Eh, even thats a little meh. The multi test of cpuz kinda locks hwinfo up in the process so I'm not so sure the values would be accurate. It unlocks after like 6 seconds but mehhh. I think a longer test like cinebench would give a more accurate result.

I tried that and yeah its definitely better. Look at the voltage.. tighter numbers, not a glitching hwinfo from cpuz toying with it. Updates every second like it should and shows the true values. I think thats what I would do... Run Cinebench and reset hwinfo right after it starts rendering and Printscreen it right before it stops.. Long enough to get an average and doesn't strip away all processing power from hwinfo to keep it from updating correctly.


----------



## Veii

Is this in the range of "validness" ?








If it was for me, i'd require an OCCT Extreme (1h) stability confirmation Or a y-cruncher all tests 4 loops (72min)

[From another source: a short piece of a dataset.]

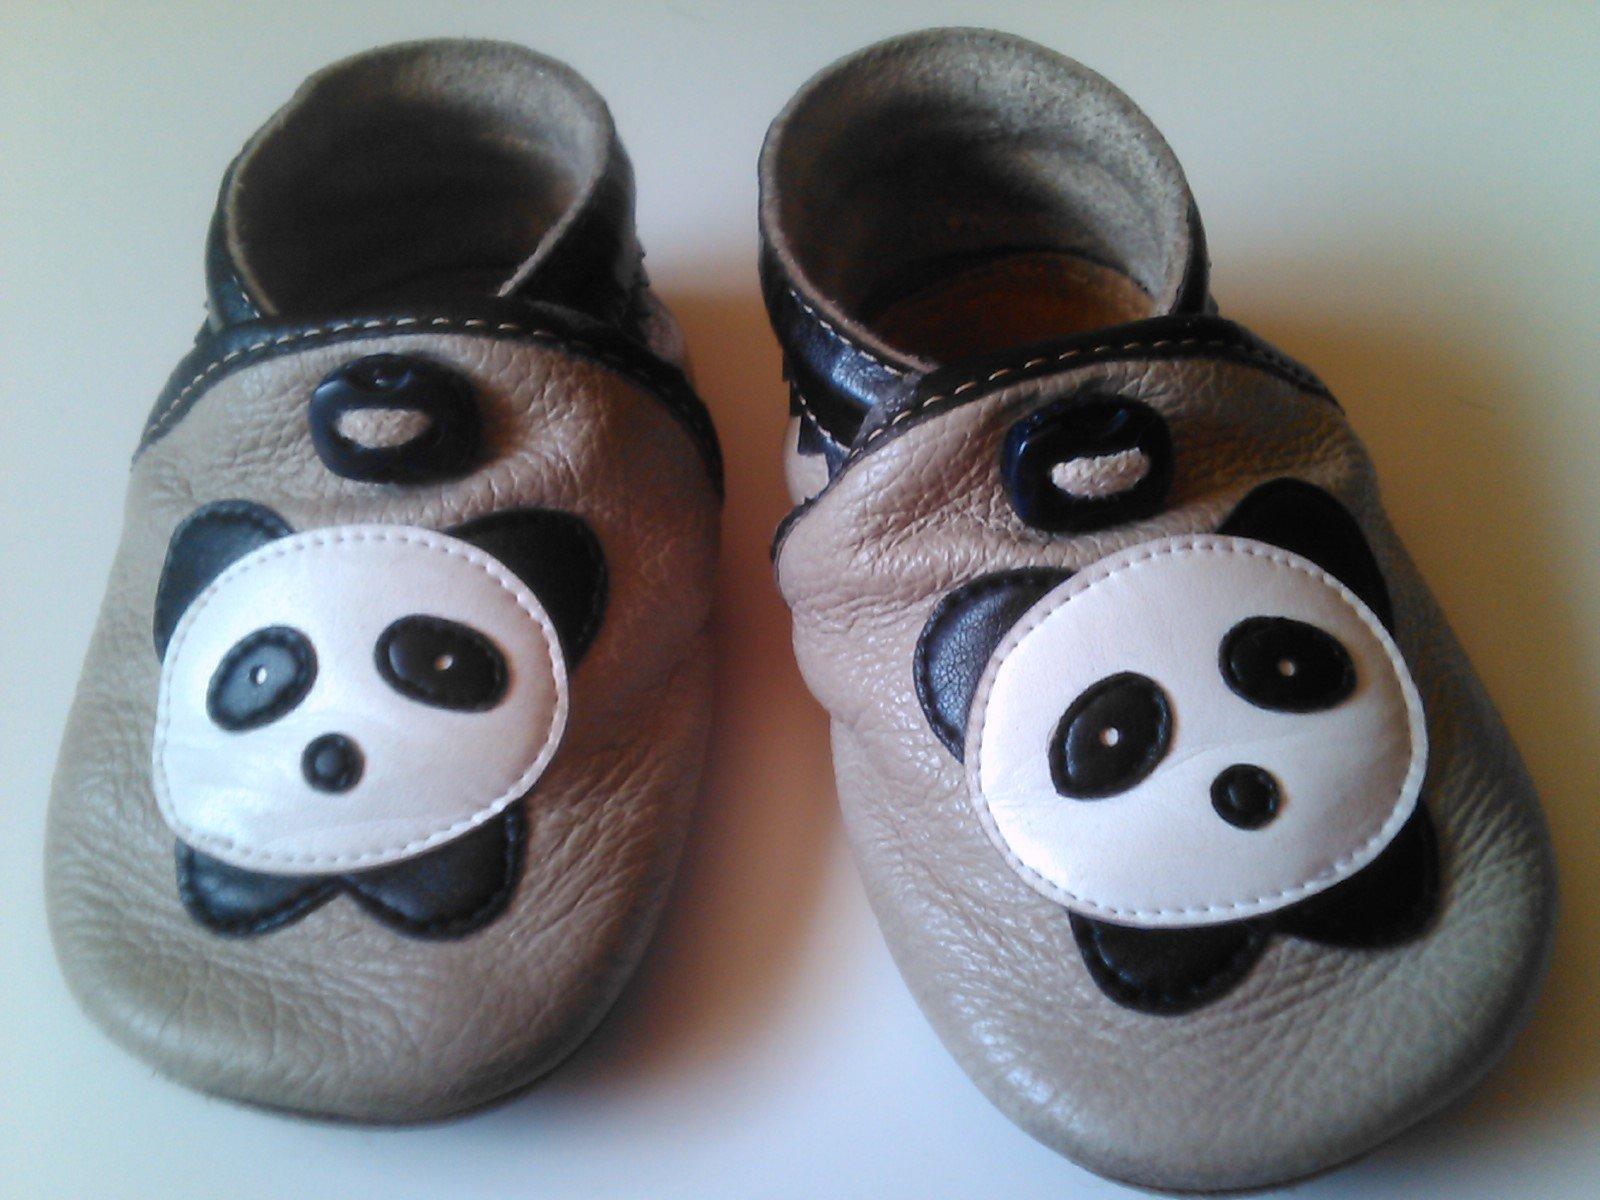 Panda 4.0 wkracza do Polski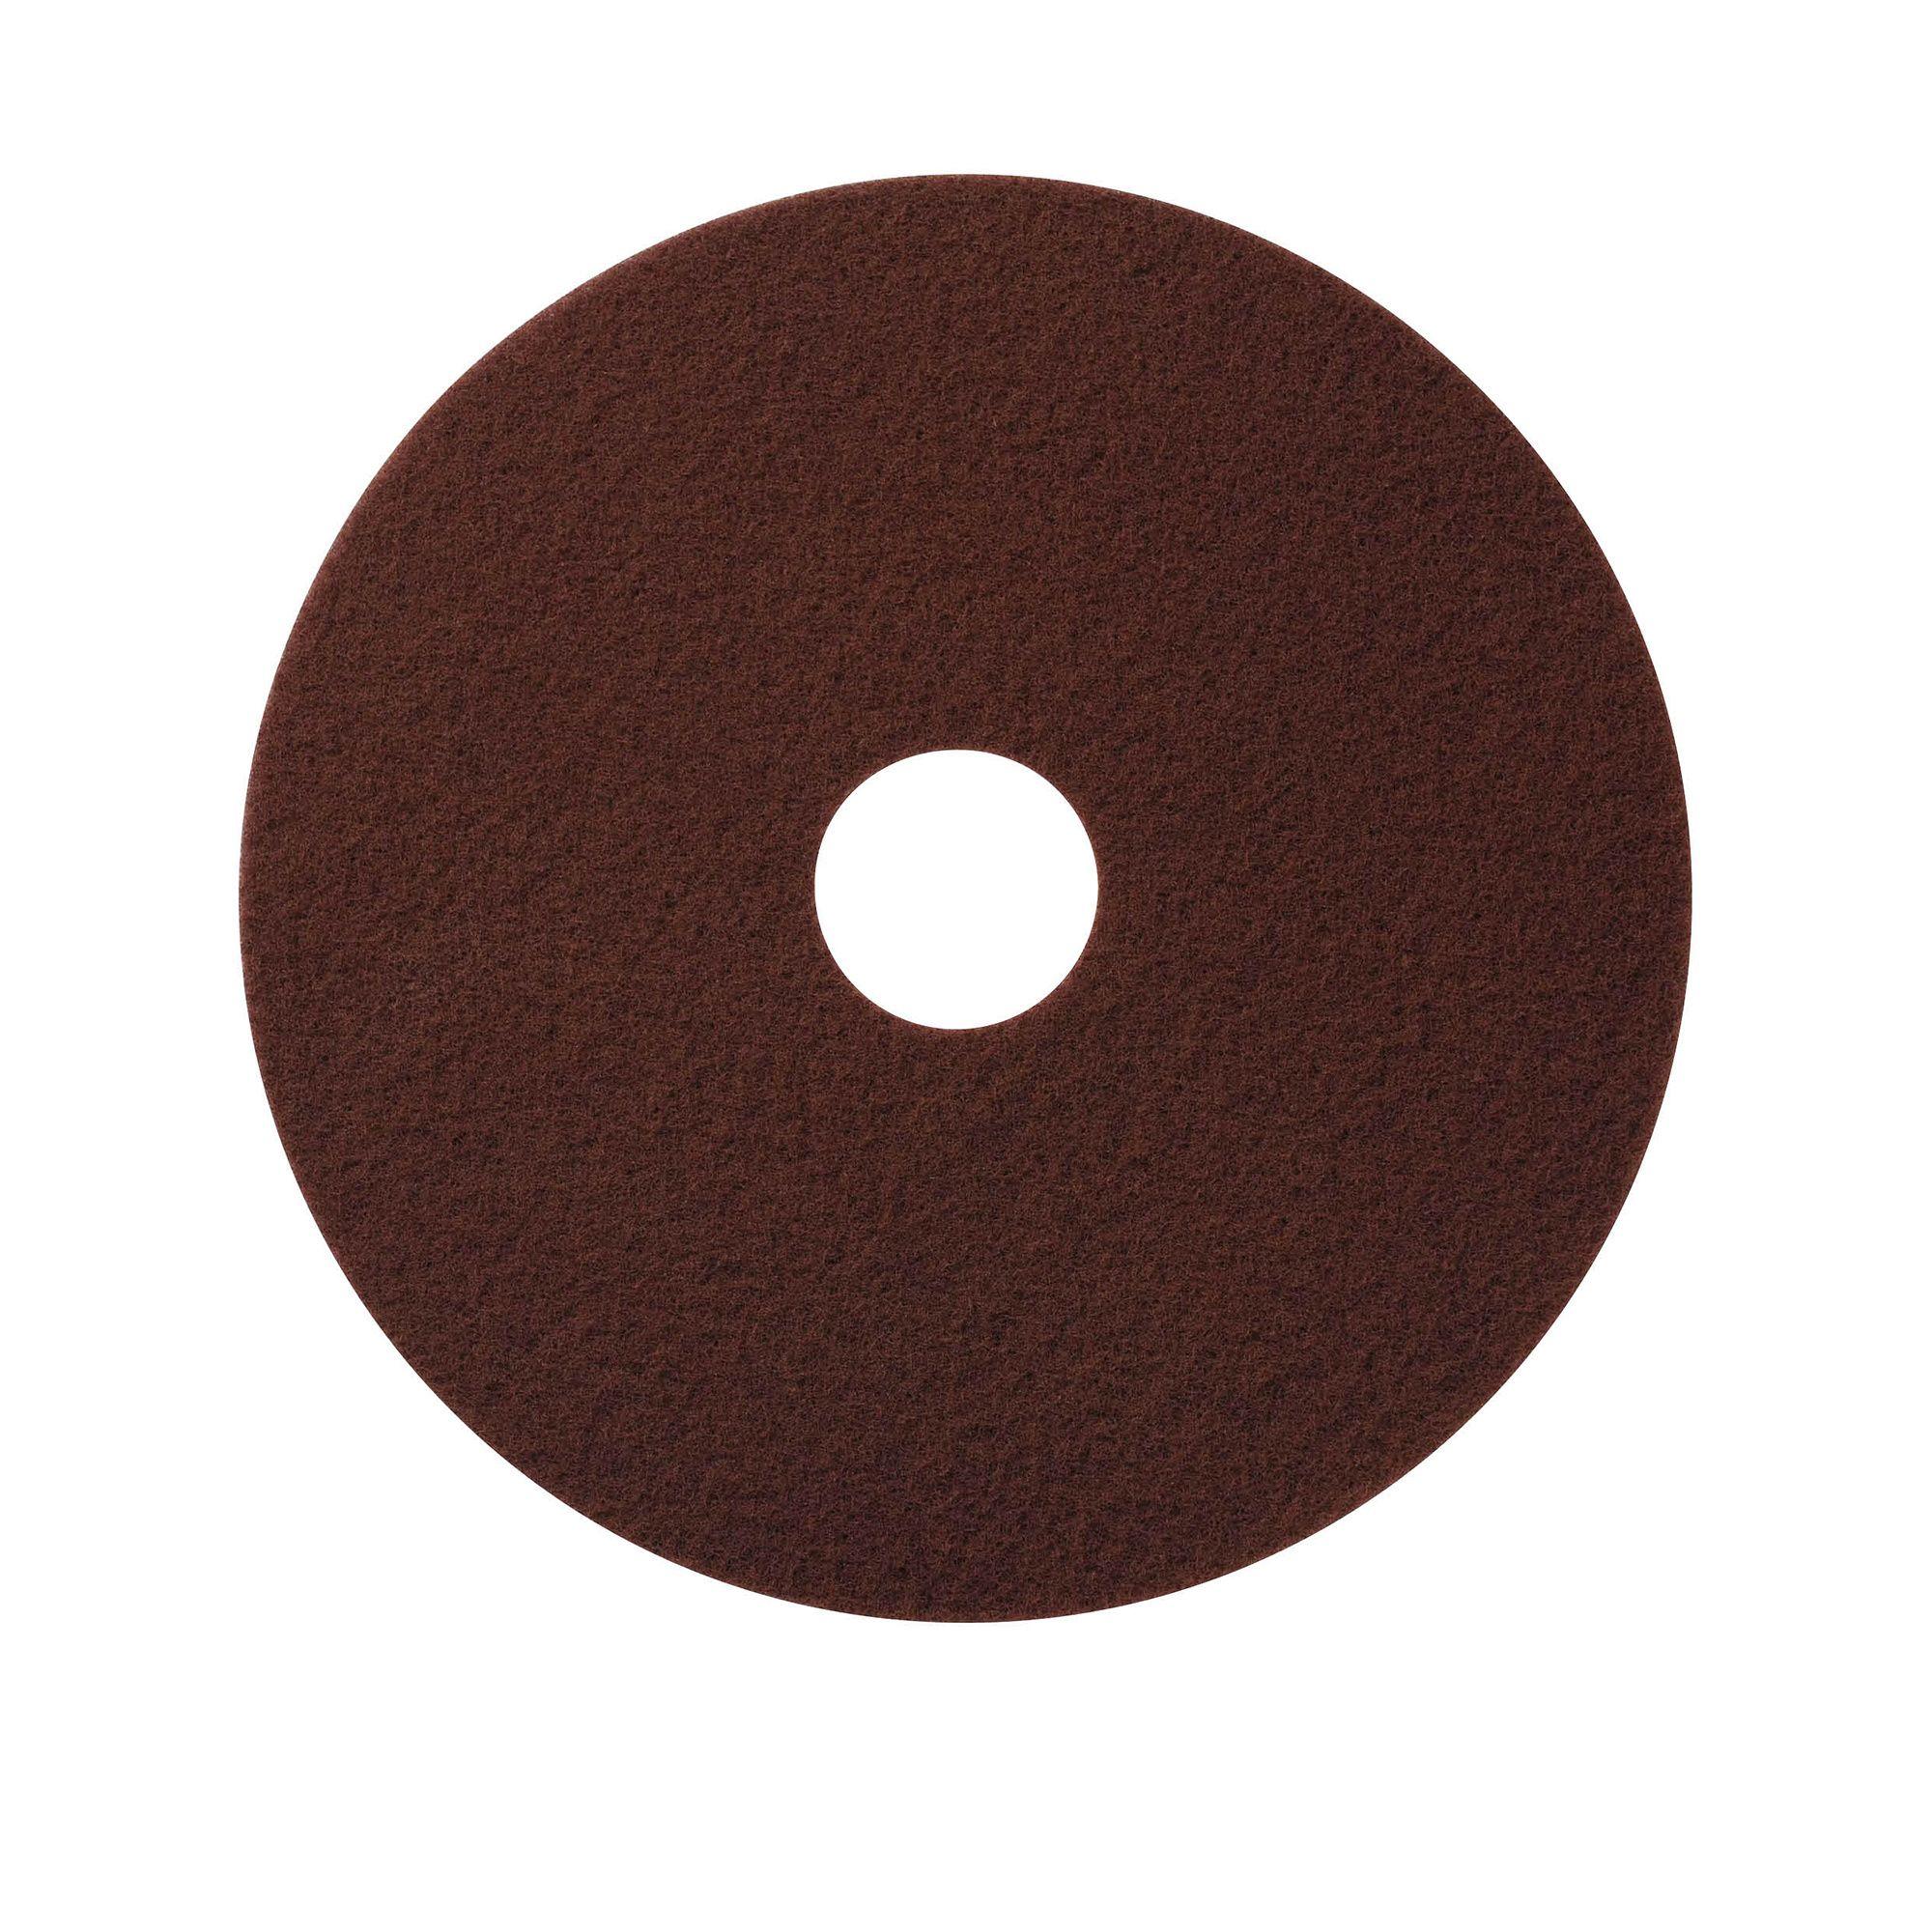 NuPad bruin (strippen zonder chemie), per 10 stuks, 16 inch / 406 mm

I do think that it is possible to make something out of it ~ but we shouldn't compare frequency numbers between generations and between manufactures
It would be optimal to set specific ranges for

VRM Output (~10 to ~20mV max)
SVI2 Range between idle & mid allcore load (specify a valid tool to run mid capture, be it just AVX2 Cinebench R23)
VID to SVI2 deviation peaks (2% maybe)
Especially the last part together with Curve Optimizer plays a big role on AMD. VID & CO ~ vs input current (also in OC_Mode for allcore loads, FIT is still active to some extend)
We shouldn't enforce loadlines, but only keep a valid min-max range of what is allowed & let users stabilize their setup within that range

The topic is long, but i do feel OP has a good idea
Yet it should not be frequency but results numbers & energy efficiency focused
Multi Thread Ratio, sounds like an easy idea ~ but this will be a mess to keep consistent data out of it. Especially because of ramping up timing and thermal equilibirum

I am for Windows software, when current expectations rather try to be a suicide run bench
But it would diminish possibility for cheating, if the request to capture it is mid an AVX or AVX2 run
Post will get too long, but it certainly is possible making something out of this competition


----------



## MadGoat

Nikado7 said:


> Eh, even thats a little meh. The multi test of cpuz kinda locks hwinfo up in the process so I'm not so sure the values would be accurate. It unlocks after like 6 seconds but mehhh. I think a longer test like cinebench would give a more accurate result.
> 
> I tried that and yeah its definitely better. Look at the voltage.. tighter numbers, not a glitching hwinfo from cpuz toying with it. Updates every second like it should and shows the true values. I think thats what I would do... Run Cinebench and reset hwinfo right after it starts rendering and Printscreen it right before it stops.. Long enough to get an average and doesn't strip away all processing power from hwinfo to keep it from updating correctly.
> 
> View attachment 2526421


Interesting. A bit difficult on the timing I guess. I like the idea of this competition, just a little difficult to nail down a reproducible procedure.


----------



## Nikado7

Problem is I'm not about to spend 72 minutes on each setting when its something nobody is going to keep outside of this competition lol. We could split hairs further and further but we know it's just gonna prove that the newer something gets the lower the voltage that is needed. BUTTTTTT........it would be mighty interesting seeing just how it has progressed with a test like this. Will a 2600k do 3ghz? 4ghz? What will be the progression between even same gen series, such as a 7700k vs 7600k or 7350k.. Either way it's still a relatively pointless test and only valid for the interesting factor, but still not one to devote much time to. If there's a better method than I proposed then I'd be all for it but I think if it can manage passing 1 cinebench then its doing good enough to call it good for this particular research. Like I said, it's a test with settings nobody will keep and merely just an interest factor so more than an hour or 2 on it is a little much. 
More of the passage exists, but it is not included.